THOUSANDS OF FREE BLOGGER TEMPLATES

Monday, January 12

Little Bit Of Backstory

I about flipped my lid yesterday afternoon when I overheard my choir girls discussing what they believed was the extent of my sex life. They didn't know I was there and I'm still not sure who it was in the robing room talking, but every little thing they said cut to the core. Mostly because one or two of the things they said were absolutely true, even though the majority of it was absolute horse manure.

This past year has been a rough one for me in that area. I've been really, really stupid and at times downright rebellious when it comes to guys and what I would or wouldn't do with them. I haven't been treating this body like it belongs to the Lord (or my heart for that matter). It's been mine and I've done with it what I or whoever held my heart at the time pleased. Some were more carefull with it than others, for sure.

But no, I was not invloved in any group sex in a public place. No, I did not get pregnant. No, I absolutely did not abort that child to cover my own reputation. No, I didn't contract an STD and no, I have not made it a practice of mine to publish any sexcapades on the internet in blog or video form.

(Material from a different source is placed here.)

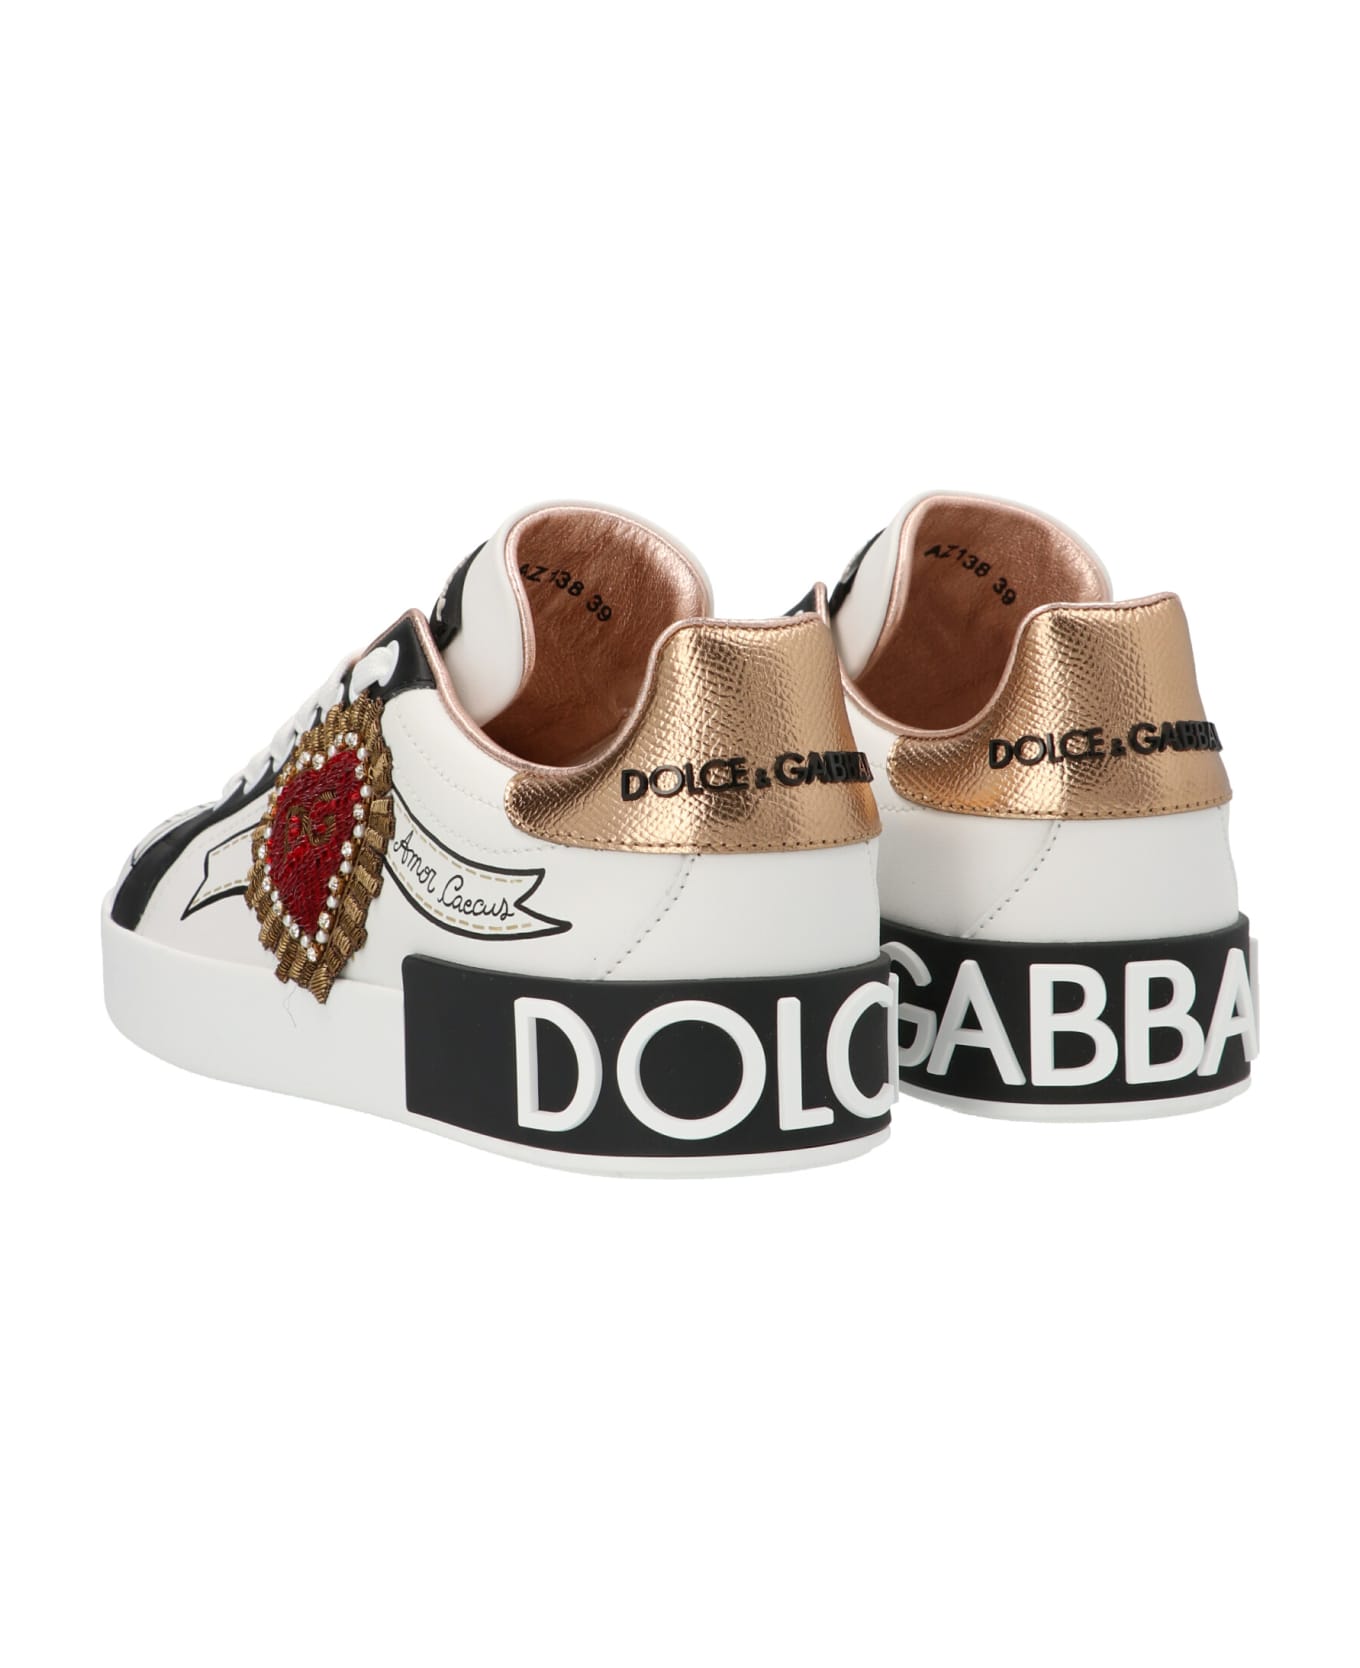 Dolce & Gabbana 'portofino' Sneakers - Multicolor

It hurts me not because they're talking about it, and not because I've been found out (I have been planning to tell some of these girls my experiences in hopes that they will learn from some of my mistakes when the time is right.) It hurts me because they never came to me when they heard these things. Abortion? Do they really think I would take someone elses life in order to put out this pretty picture of myself out there? And if they do really believe that I have done this, why on earth would they not come to confront me about it.

These aren't just random faceless, nameless girls at Briarwood. These are my choir girls! These are girls that I have at times considered my closest, dearest friends. These are girls who have been in my Disciplship Groups and who have been in other small groups with me. One of these girls used to be my accountability partner. That one stings the most.

I'm so fed up with this world. I'm so tired of these cuts and bruises. I keep sewing them up and thinking I'm getting on the right track, but every word they say rips open another stitch and it feels like it was yesterday. I wish they would become scars already.

I'm praying that God will give me a strong and a gentle spirit when dealing with the responses from the note I posted on Facebook. It's been 6 hours and already there are hurtful, and maliciously worded messages of accusation in my inbox. Praise God for holding my tongue yesterday when they were all in there slinging mud at the mirrors. One word and I would have torn them all down. Please pray that I would keep my mouth shut when I need to and when I do speak that each word will be glorifying to God and fall on ears that will listen.

1 comments:

Brock said...

I'm sorry to hear all that. It's amazing that those we trust with our more personal lives don't always keep it to themselves. It also shows how Satan can take even the one area we stray from God's design and make it painful. Where God always forgives, Satan is always ready to use our faults against us to hurt us. It happens to everyone, especially those of us who stake our life to Christ.

I'll be praying that God gives you the peace to let it go; to talk it over calmly with the ones you choose to and explain your hurt; and that God will change those who gossiped through your humility and maturity.